I learned this in a curious way, the last time I got seriously sick; I learned it from a bunch of people who don’t like me. When I resigned from Human Rights Watch, I discussed the blood clots in my lungs that triggered my departure, in a letter that made its way around the Internet. What struck me about the many responses was that people who disliked me for political reasons felt compelled to turn that into medical mistrust; they simply didn’t believe I could get sick. This took nasty forms. The ever-love-filled and litigious Peter Tatchell repeatedly circulated e-mails to thousands, saying that “Scott Long left Human Rights Watch. He claims it was because of ill-health. Others suspect he was sacked.” Peter’s friend Michael Petrelis, the crank-slash-stalker in San Francisco, developed this theme, blogging that “Long developed a severe case of a Soviet-style case of the flu … His official explanation for moving on would have delighted the editors of Pravda in Brezhnev’s day, it was so full of obfuscation and self-pity.” Melanie Nathan, a peculiar West Coast blogger, just three months ago sent me an series of messages saying — among many other things — that “We all know that your ‘embolism’ was a convenient excuse” (not clear for what). She also called me a “vile bucket of anal slime,” which I think is a quote from some website. There were more. I would have to be superhuman not to be angry at these creeps; I felt like sending them my medical charts as proof, or maybe my medical bills. Some of these folks were crazy, some permanently enraged, and some simply hadn’t a clue what they were saying. But — trying to stand back slightly — I hear in all this vituperation a very human fear. Your foes are always supposed to be there, even more so than your friends; they’re an identity and linchpin, a pole against which you define yourself. They’re spectres and ideas, not frail and physical people. God forbid they should have bodies; God forbid their bodies should do them wrong. I’m sorry I got sick, and I’m sorry that unsettled Tatchell and Petrelis so much. Perhaps I can understand, though, why the news of somebody else’s sickness roused them to so much anger. “Rage against the dying of the light” translates quickly into a rage against those who remind us of the dying.

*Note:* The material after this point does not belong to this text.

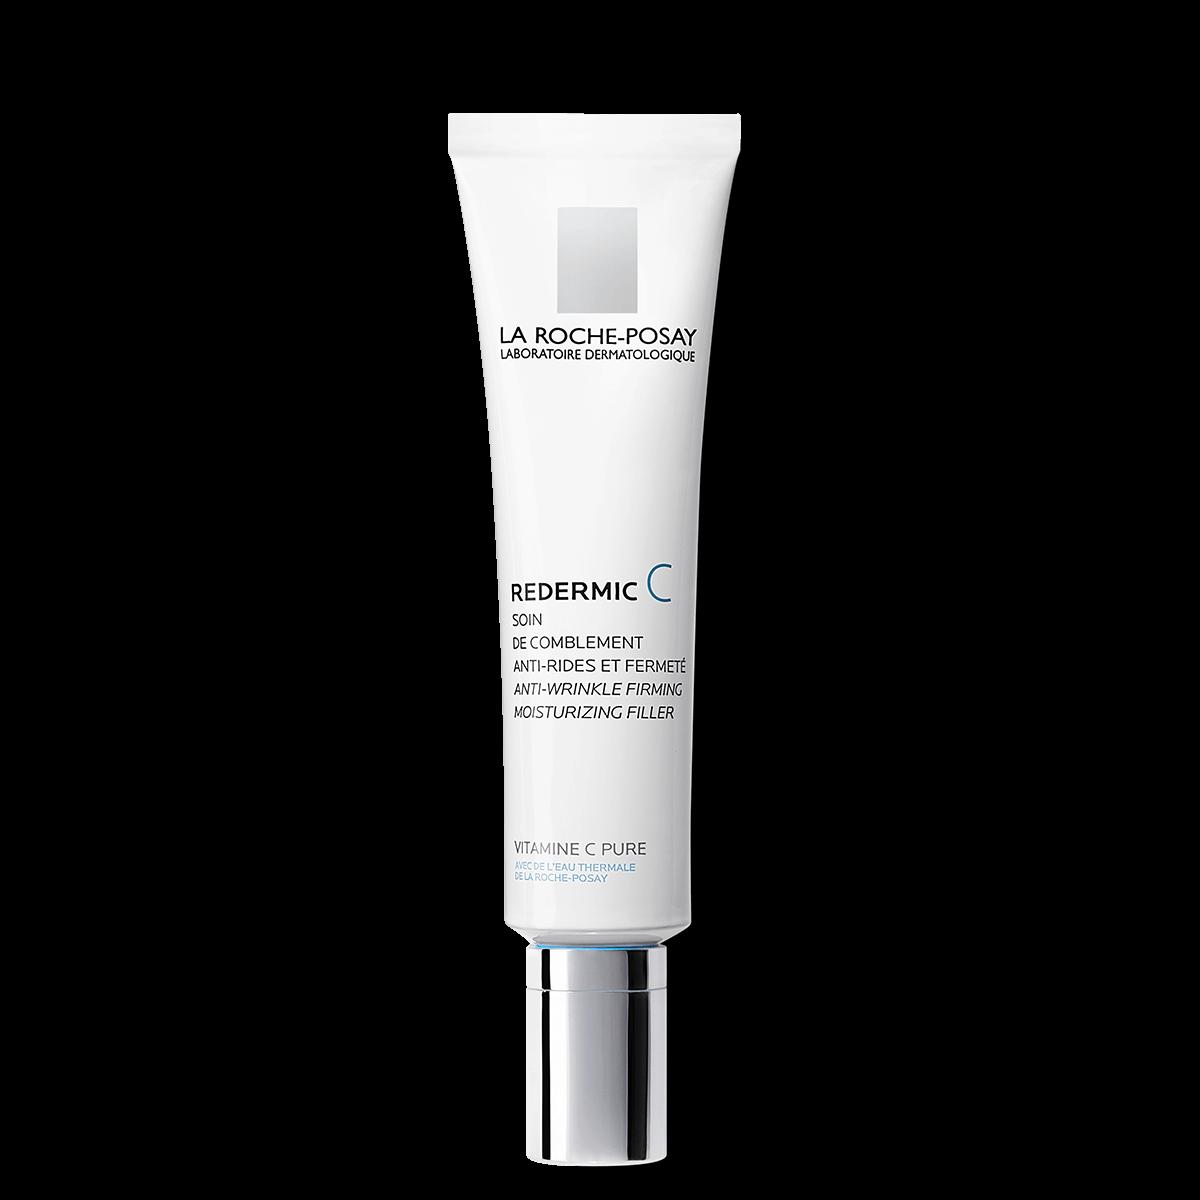 La Roche Posay ProductPage Anti Aging Cream Redermic C Anti Wrinkle Fi

So here I sit in Cairo, thinking about my body.

Edvard Munch, "The Sick Child," 1885-86

Edvard Munch, “The Sick Child,” 1885-86

My mother died when she was a year older than I am now: much too young. I can’t remember her without seeing, almost like a light beneath her skin, the banked fires of things undone. The memories don’t grow easier. I cannot read Paul Celan‘s poems about his lost mother without breaking into uncontrollable tears:

Rain cloud, above the well do you hover?
My quiet mother weeps for everyone.

Oaken door, who lifted you off your hinges?
My gentle mother cannot return.

Celan’s mother died in the Holocaust, in Transnistria. It’s presumptuous to compare personal loss to historical catastrophe. But loss is what it is, always different in its circumstances and in other ways always the same. My mother died because her body failed her. It was part of a world in which she’d suffered, and also where she had a relative degree of safety: a world where she had tried to compensate for both by a constant, wearing labor of compassion. It didn’t matter. My mother died because her body was part of the world, and the world is perishing.

It’s strange that I’ve spent so much of the years since then working on things like “sexual rights” and “bodily autonomy.” Bodily autonomy is a beautiful ideal. Like so much in human rights, it gestures toward a vision of a perfect cosmos, lit by Platonic concepts that burn in the corridors like inexhaustible candles. Yet our bodies are not autonomous. Our bodies are part of the world. They are subject to its vicissitudes, implicated in its weakness, its injustices, its power, its deaths. They live with the world’s joys and fail with its wrongs. This is a fact, not a lesson. It can be said; it can’t be learned. I will only learn it by dying.